Валентина, со своей стороны, не так ясно разбираясь в своих чувствах, как Федер (ей было всего двадцать два года, и бóльшую часть своей жизни она провела в монастыре), начинала серьезно упрекать себя. Она часто повторяла себе: «Но ведь в наших отношениях нет ничего предосудительного». Затем она сделала открытие, что без конца думает о Федере. Потом, к невыразимому своему стыду, она заметила, что ее непреодолимо тянет к Федеру, когда его нет с ней. Она купила банальную литографию, вставила ее в рамку и на высоте четырех футов повесила над фортепьяно: ей показалось, будто один из изображенных на ней мужчин обладал сходством с Федером.

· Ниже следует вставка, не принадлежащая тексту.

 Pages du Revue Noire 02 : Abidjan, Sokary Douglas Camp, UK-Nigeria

Чтобы оправдать присутствие этой литографии, она купила семь других. Сидя одна в своей комнате, погруженная в мечты, она нередко осыпала поцелуями стекло, под которым находилось изображение походившего на Федера молодого солдата. Как мы уже сказали, диалоги молодых людей не заслужили бы упрека со стороны самых почтенных и самых высоконравственных людей, только этим людям не следовало бы чересчур внимательно следить за их взглядами.

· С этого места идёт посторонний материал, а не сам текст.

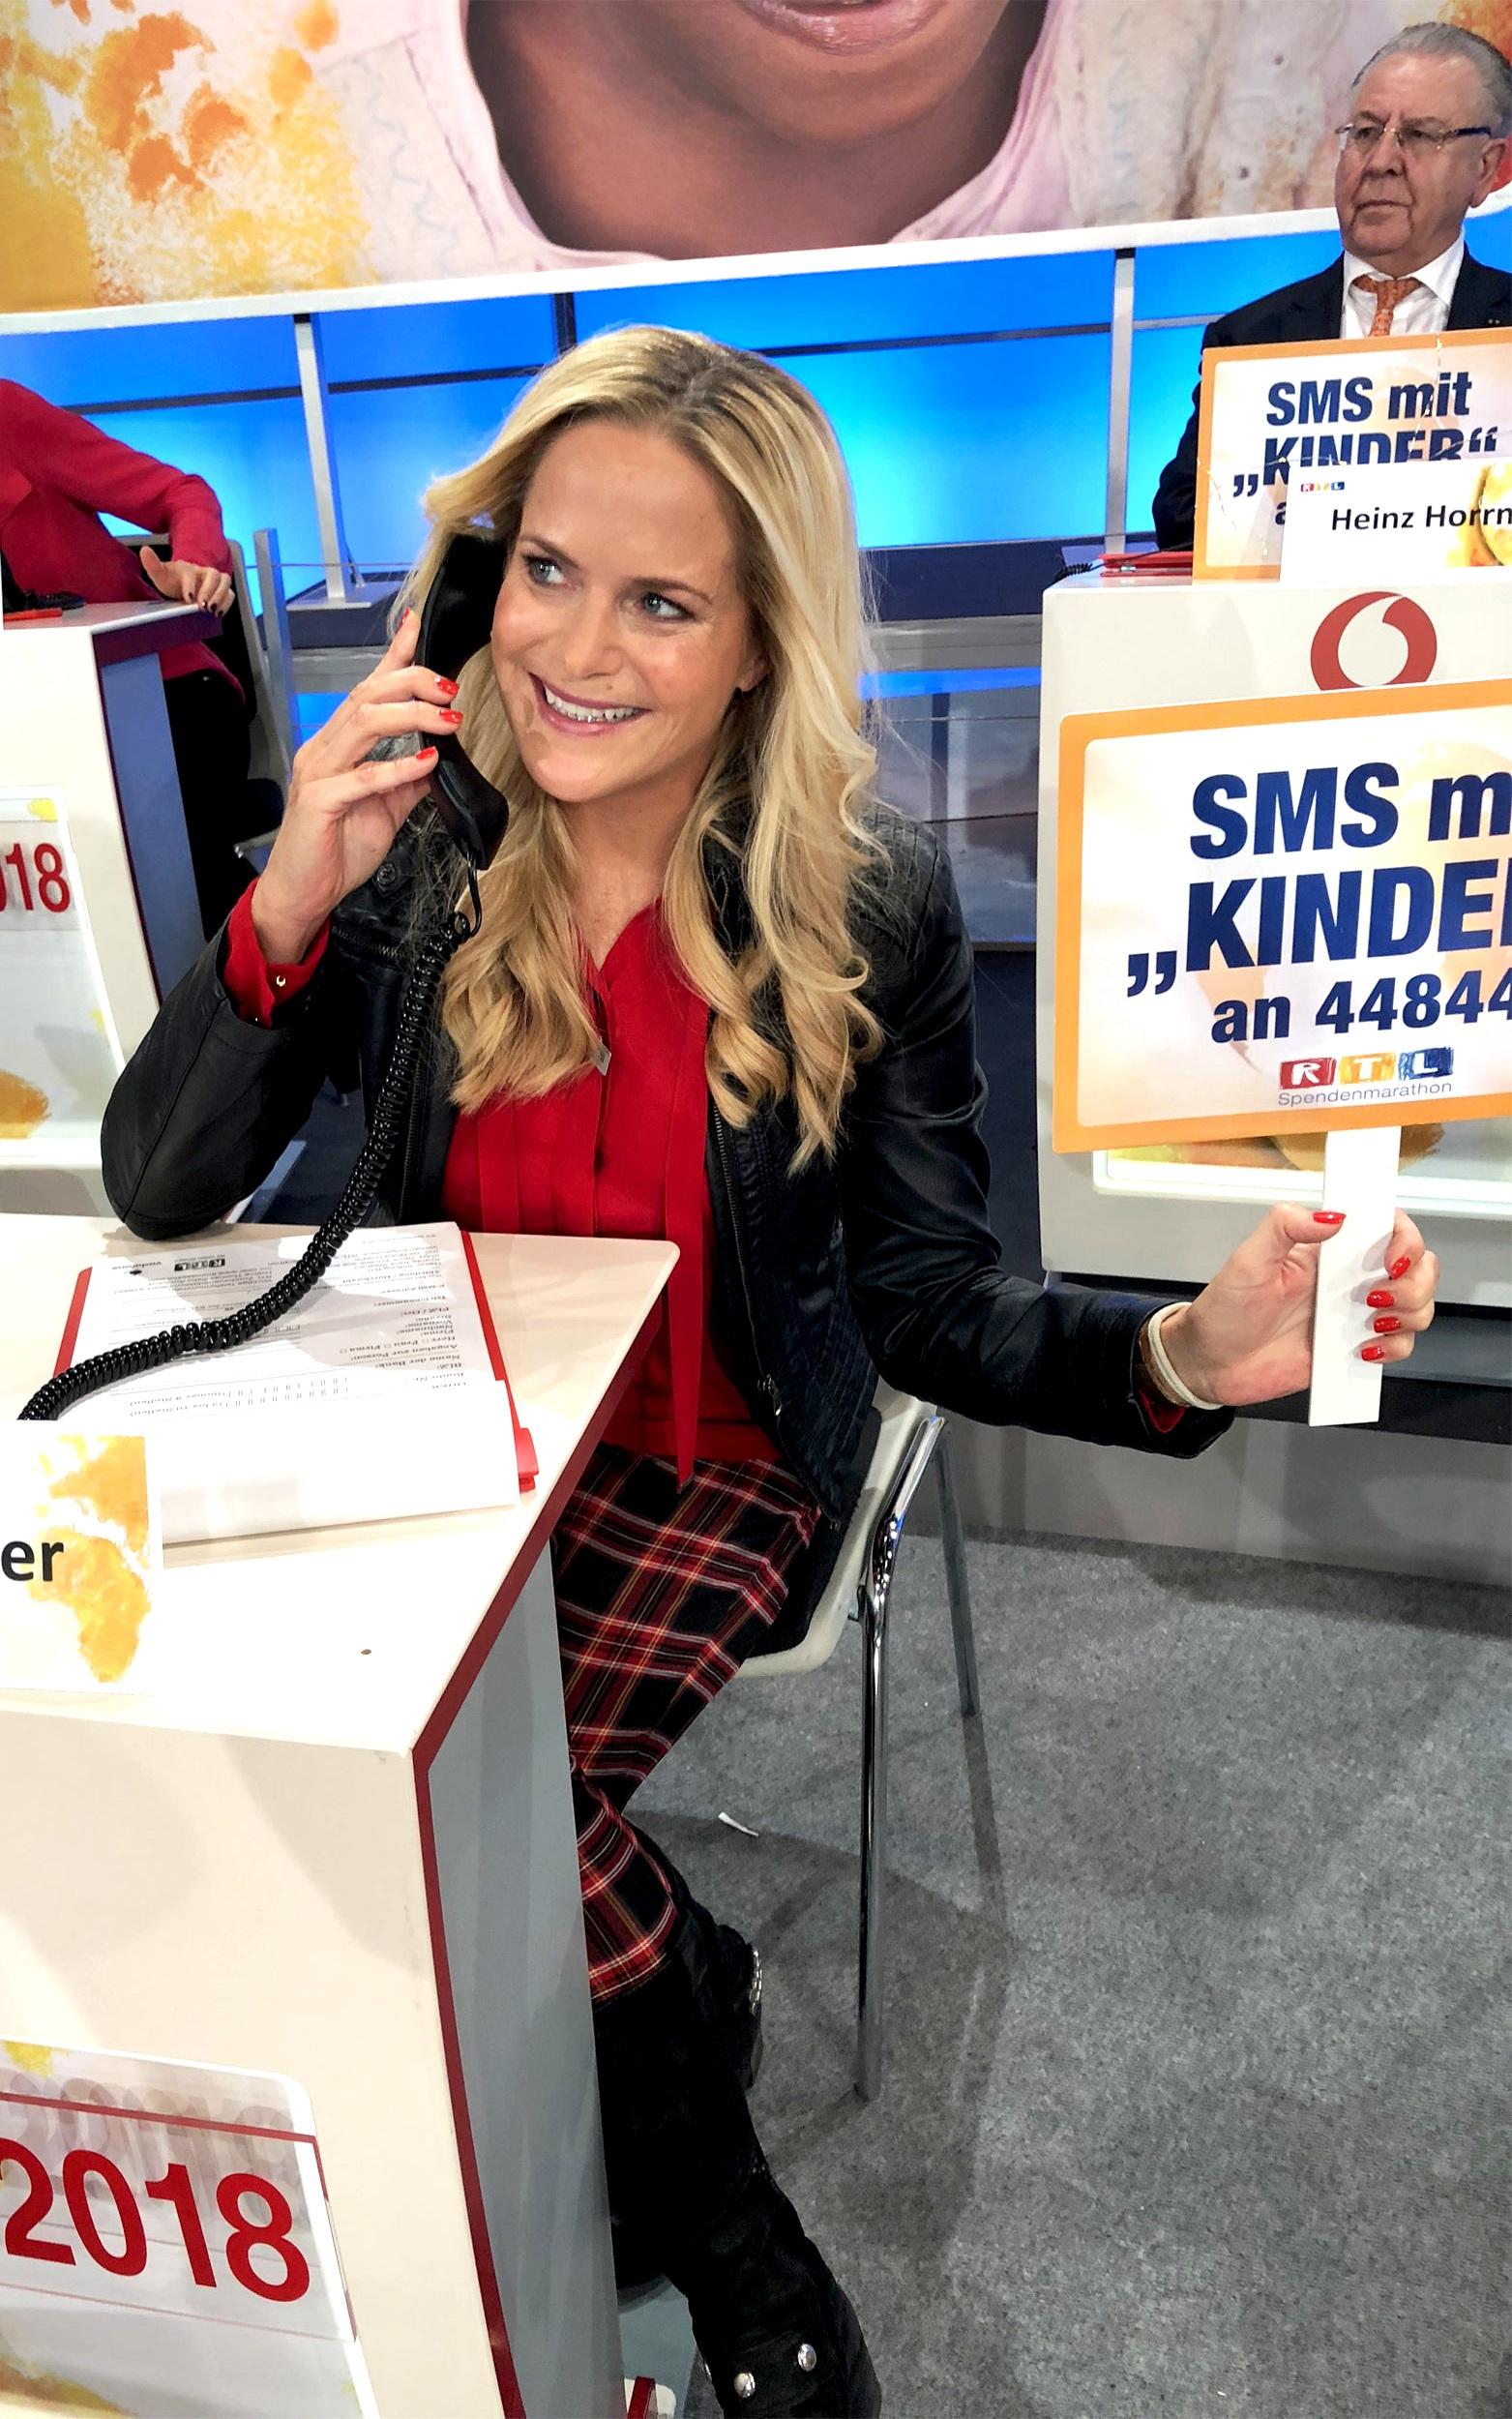 kinder_helfen_rtl_anruf.jpg

Результатом угрызений совести Валентины и системы поведения Федера явилось то, что он без любви совершал поступки, говорившие о самой сильной страсти. Так, например, много времени спустя после окончания портрета-миниатюры Валентина пожелала осмотреть ателье художника. Воспользовавшись моментом, когда Делангль и два или три спутника г-жи Буассо рассматривали прекрасную картину Рембрандта, Федер перевернул одно из полотен, делавших его ателье неплохой картинной галереей, и показал Валентине великолепный портрет, написанный масляными красками и изображавший монахиню: это был превосходный портрет самой Валентины. Она сильно покраснела, и Федер поспешил присоединиться к обществу Делангля. Но когда г-жа Буассо собралась уходить, он сказал ей, казалось бы, с самым равнодушным видом:
— Я взял на себя смелость показать вам портрет этой монахини не случайно. В моих глазах этой вещи нет цены, но даю вам слово, что если вы не скажете сейчас: «Я дарю вам ее», — я завтра же отнесу эту картину в лес Монморанси и сожгу ее.